Many famous actors (and actresses) made Westerns. But only a few can genuinely be called Cowboy Actors. We’re going to start this series with the most famous of the early period — William S. Hart and Tom Mix (that’s Mix above).
Some backround: We can almost remember a time when westerns were very BIG BUSINESS. In the 1930’s and early 1940’s, hundreds of “oaters,” as they came to be known, were made each year to fill up the hundreds of small theatres throughout the country.
Often it was the western that introduced young beginners getting their foot in the door, and their faces before the camera. And, of course, they solidified the careers of genuine box office stars.
Although their names — Hart and Mix — may mean little or nothing to moviegoers today, both were huge stars and have earned secure positions in the history of the movies.

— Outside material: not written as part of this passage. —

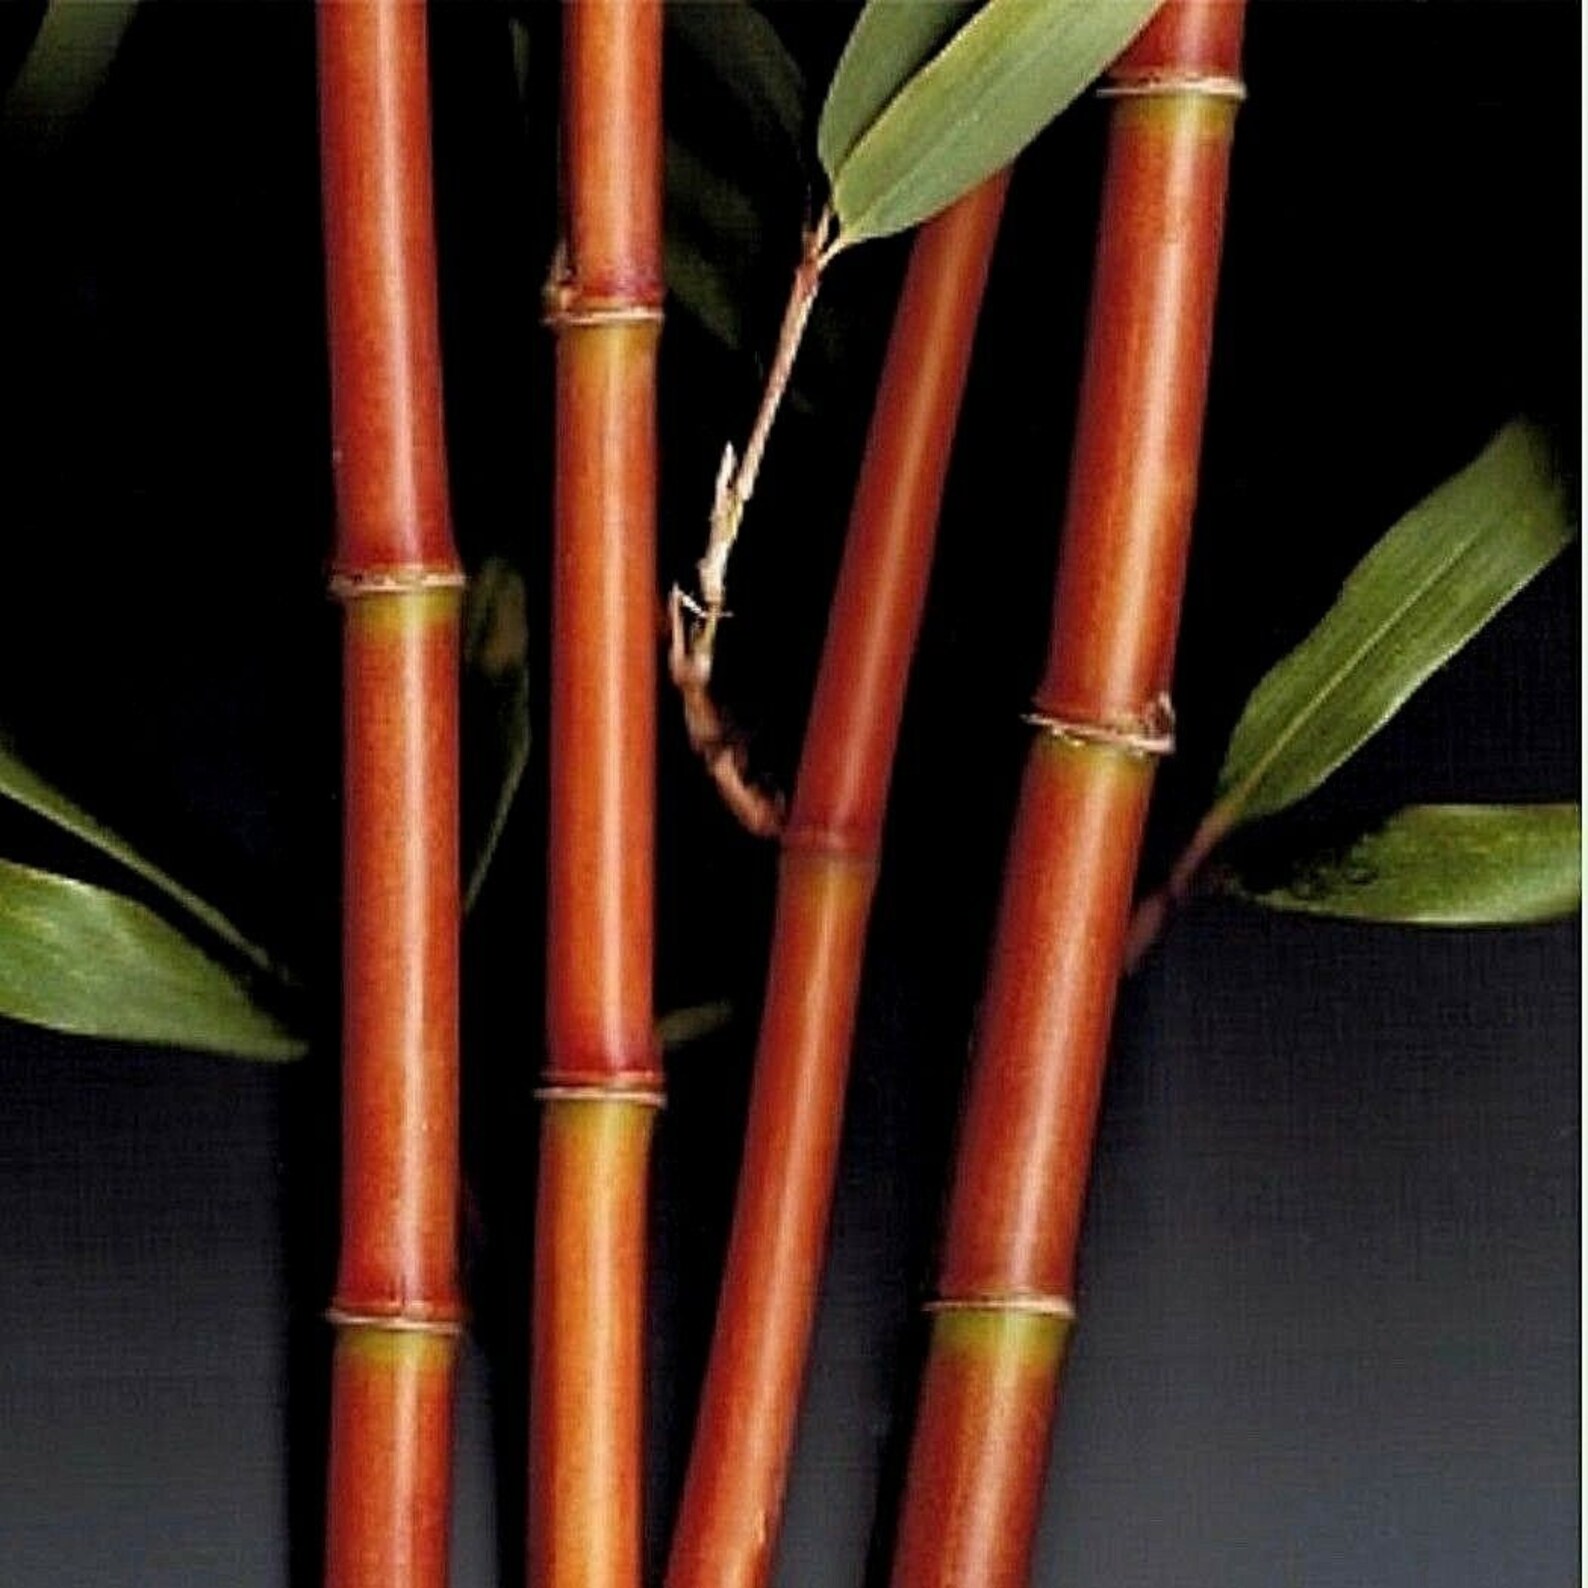 Big bamboo в рублях play bigbamboo com. Красный бамбук (Fargesia nitida). Бамбусоидес Кастильон бамбук. Бамбук с красным стволом. Бамбук с красным стволом растение.

Hart (below) was the silent screen’s most famous cowboy. Mix was considered the first Cowboy superstar of the sound era.
Mix was a high-living, big-sending dude (married five times) who changed western movies in the direction of more light hearted fare in which the hero (himself) was decked out in meticulously tailored costumes. Unlike predecessor Hart, he was a dandy in spades.
Born in 1880 in Pennsylvania, Mix worked in travelling wild west show before landing in silents with a contract from Fox Films, for which he churned out as many as five films a year. The public loved him, and his popularity threatened to eclipse that of silent titan Hart.
Mix segued to talking picture propelled by his fancy riding and shooting, and the antics of his ‘Tony the Horse.’ Among his titles: 1932’s Destry Rides Again and 1935’s The Miracle Rider. Mix died in an auto accident in 1940. He logged in his career an amazing total of more than 280 screen credits.
The guy to the right above is none other than Maurice Chevalier, who had been signed by Paramount Pictures and brought over to the U. S. in 1928. The aging guy to the left is Hart.
What was this prototypical Frenchman doing posing in full western get-up next to America’s then biggest silent movie cowboy star?
This photo, it turns out, was a studio publicity shot of Chevalier with veteran figure Hart, whose star power at the time was sufficient to lend some sort of American validation to this new French import. It was an attempt to make the genial Continental crooner appear to be “just one of the boys.” (What an odd juxtaposition.)
For his part, Hart (the”S” was for Surrey) was born in 1870, and by the time he made his first Western for producer-director Thomas H. Ince, he was already a middle-aged at 44. The westerns he created (Hart was also a writer-director) featured documentary-style realism and plausible plots. (Not much of the flash later exhibited by Mix.)
As a result, Hart became America’s first believable cowboy hero. He often played outlaws reformed and saved by the love of a good woman. At the time of his posed publicity shot with Chevalier, Hart was pushing 60, with his movie career ending.
On the other hand, Chevalier (breathing hard on 40 when the photo with Hart was taken) was just embarking on a Hollywood career after appearing in at least a dozen movies in his native France. Of course Chevalier only appeared in sophisticated musical comedies. He never made a western.